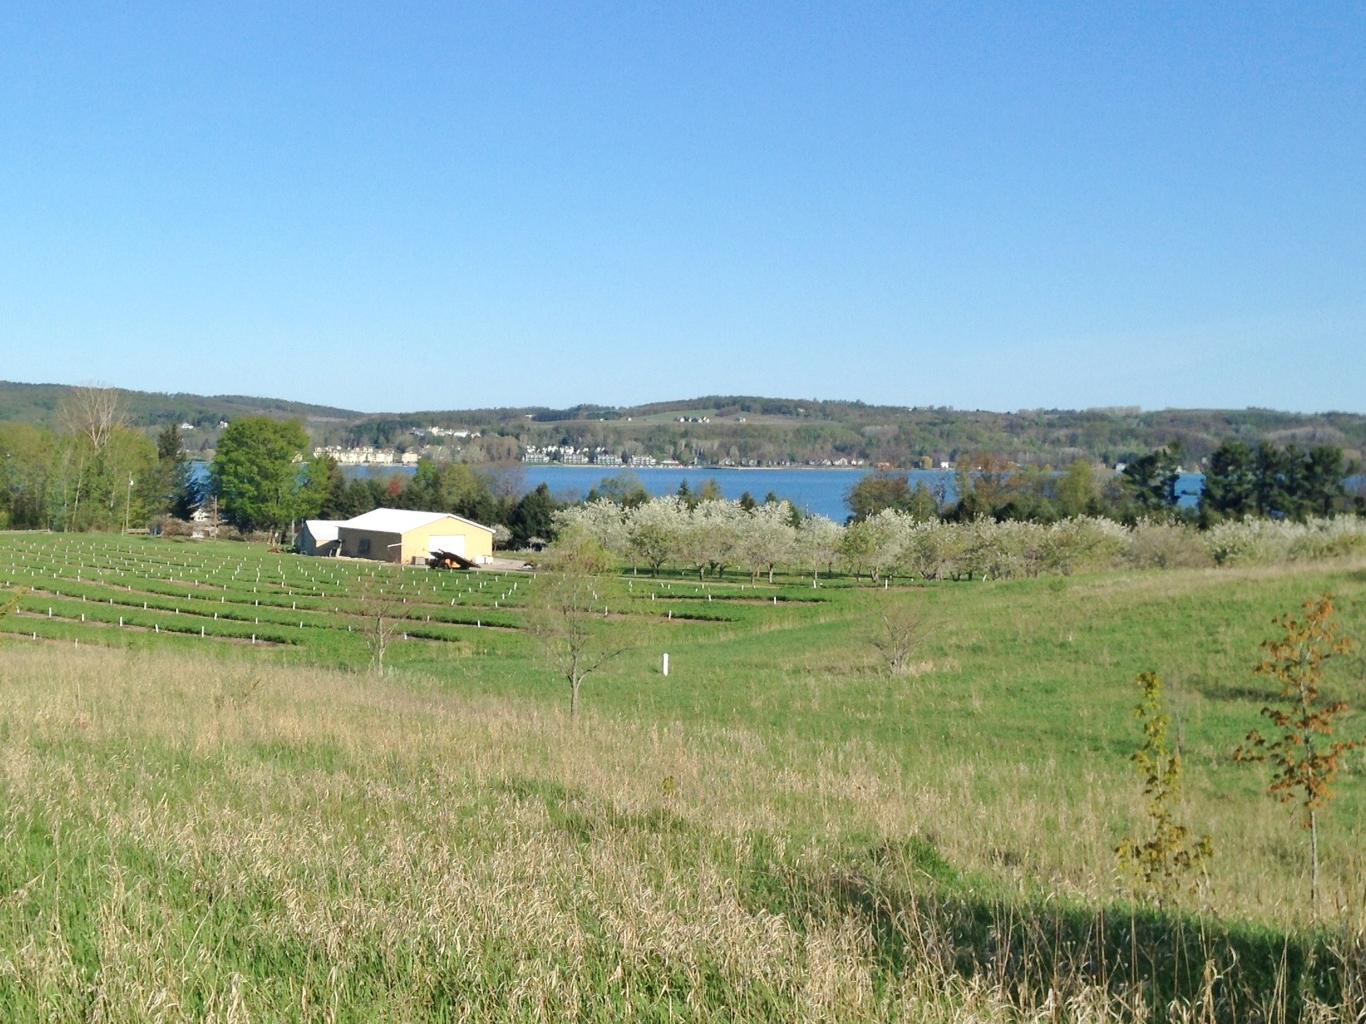 760+S+Village+View+Suttons+Bay+Leelanau+County+Waterview+vacant+lot+for+sale+by+Oltersdorf+Realty+LLC+Leelanau+Realtors+18 (1).jpg
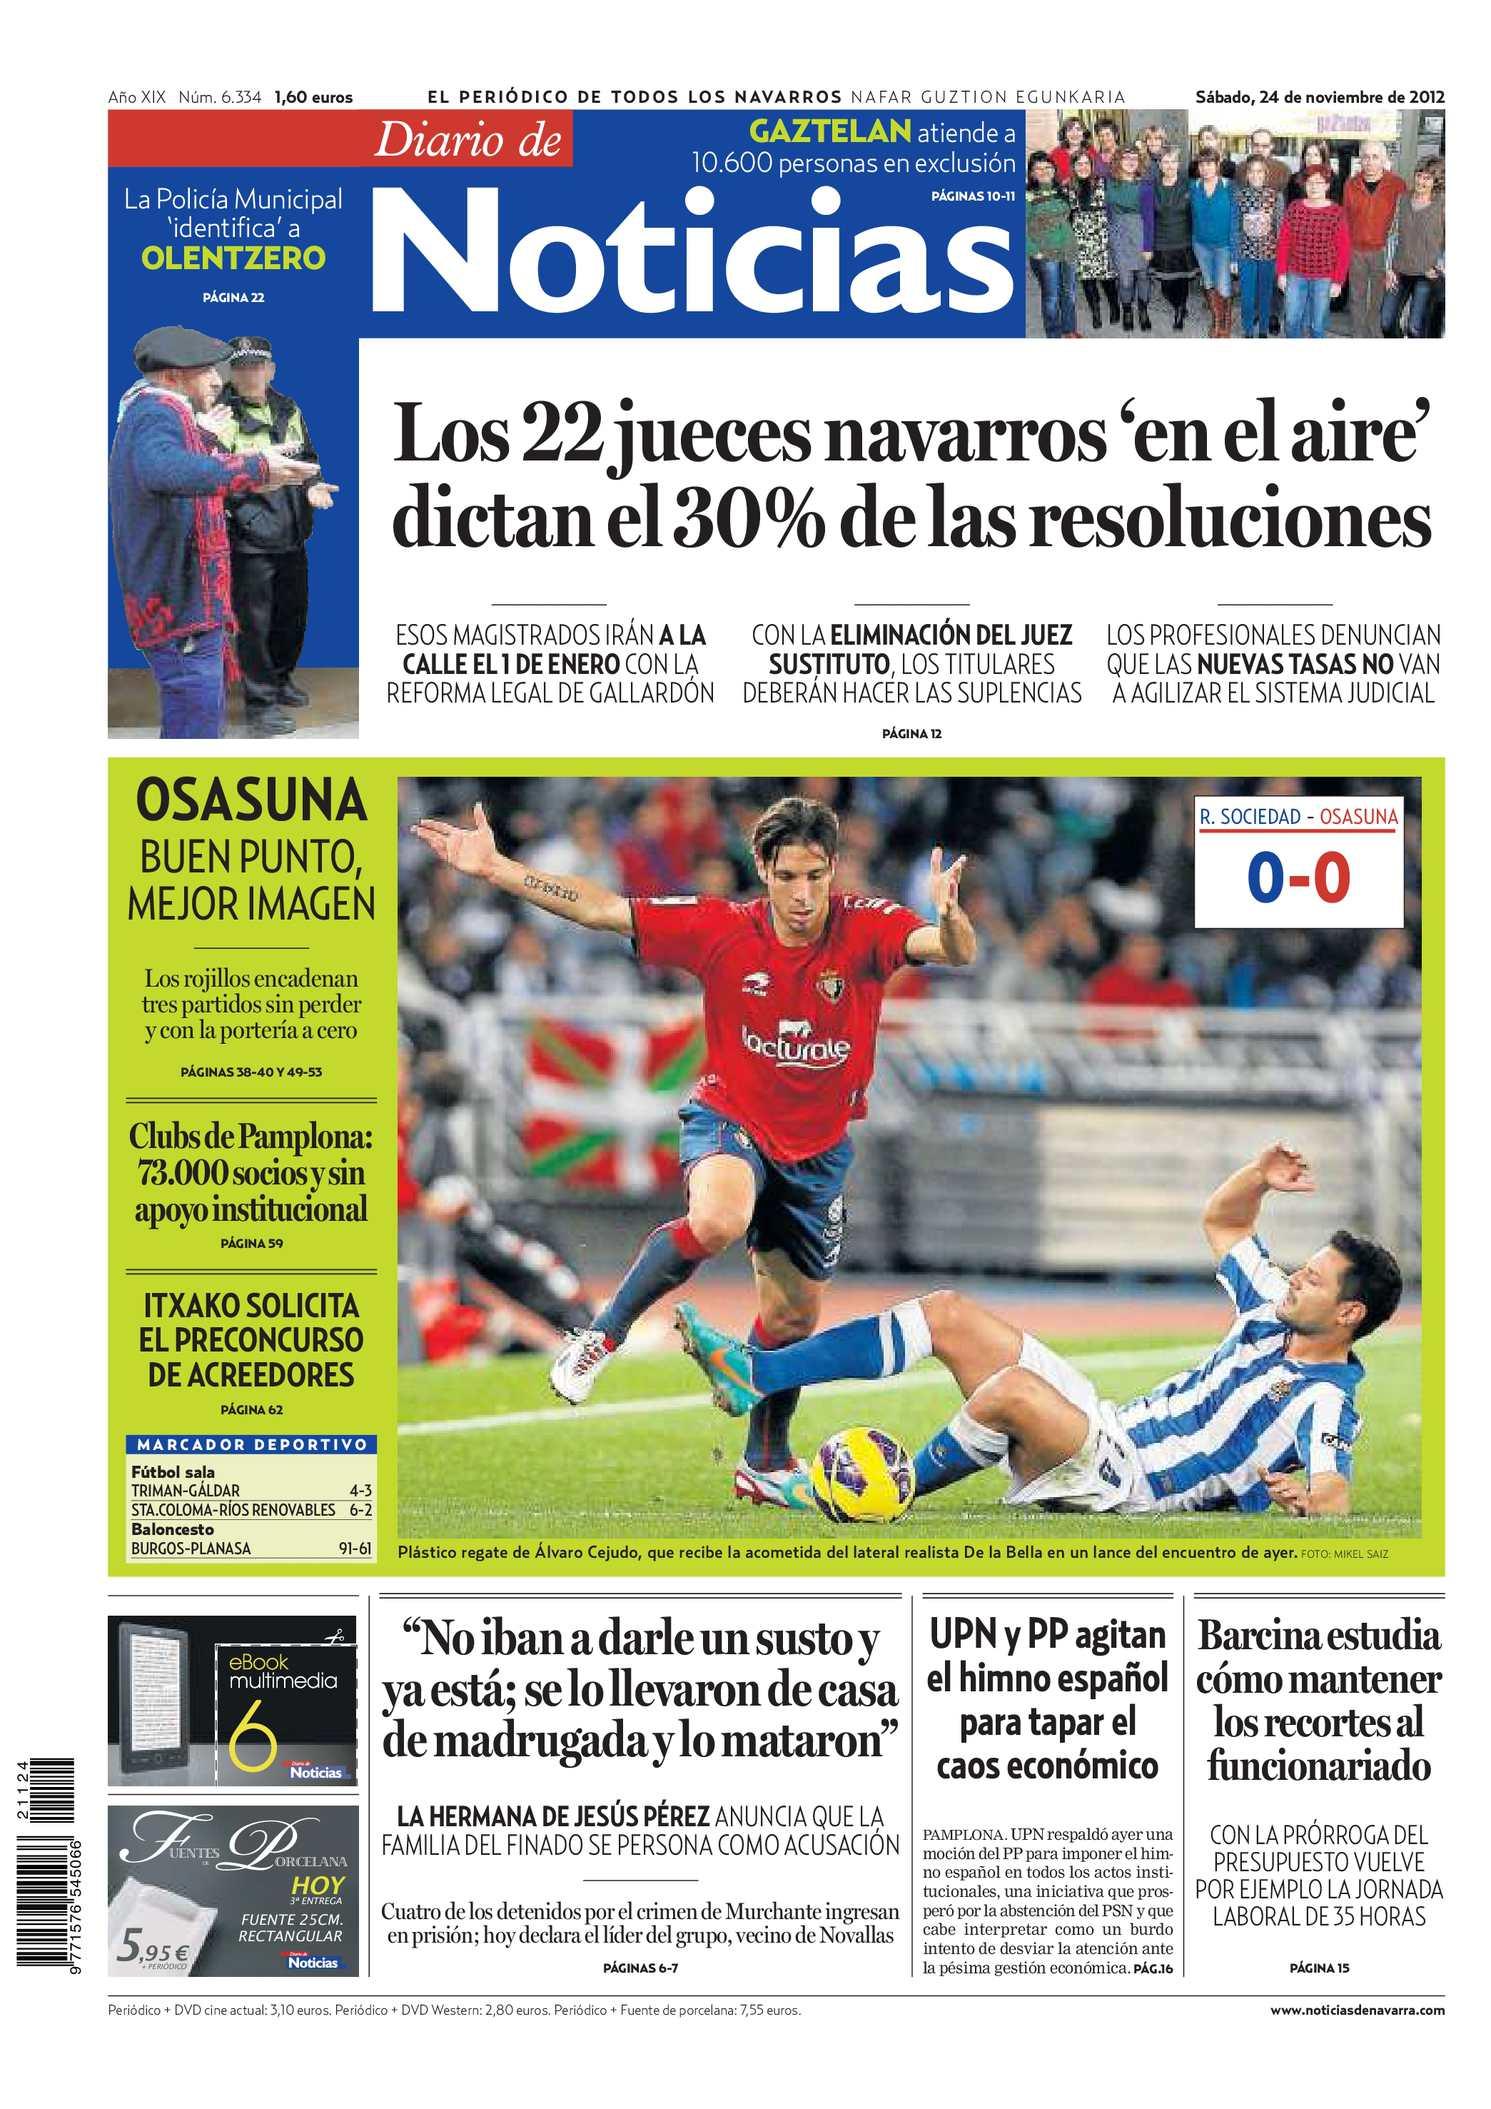 Calaméo - Diario de Noticias 20121124 6c84afd8509
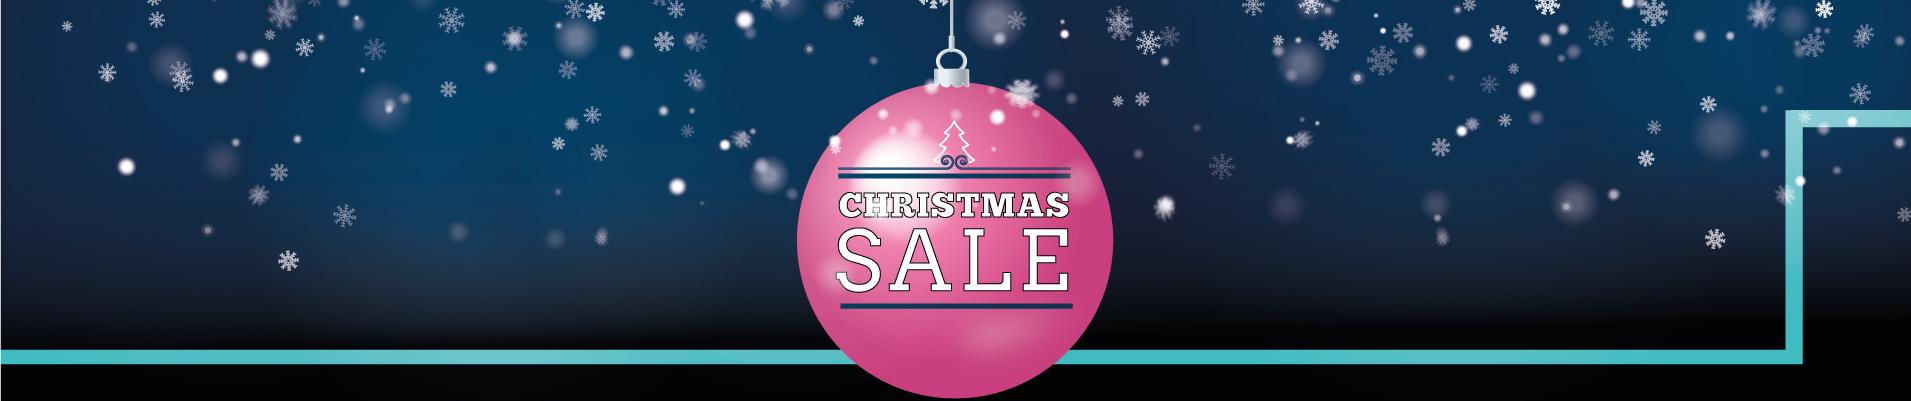 Christmas-Sale-hero3

══════════════════════════════

#### Task requirements:
Return the full listing exactly as it appears above, without its pictures.

#### Finished task:
 760+S+Village+View+Suttons+Bay+Leelanau+County+Waterview+vacant+lot+for+sale+by+Oltersdorf+Realty+LLC+Leelanau+Realtors+18 (1).jpg
 Calaméo - Diario de Noticias 20121124 6c84afd8509
 Christmas-Sale-hero3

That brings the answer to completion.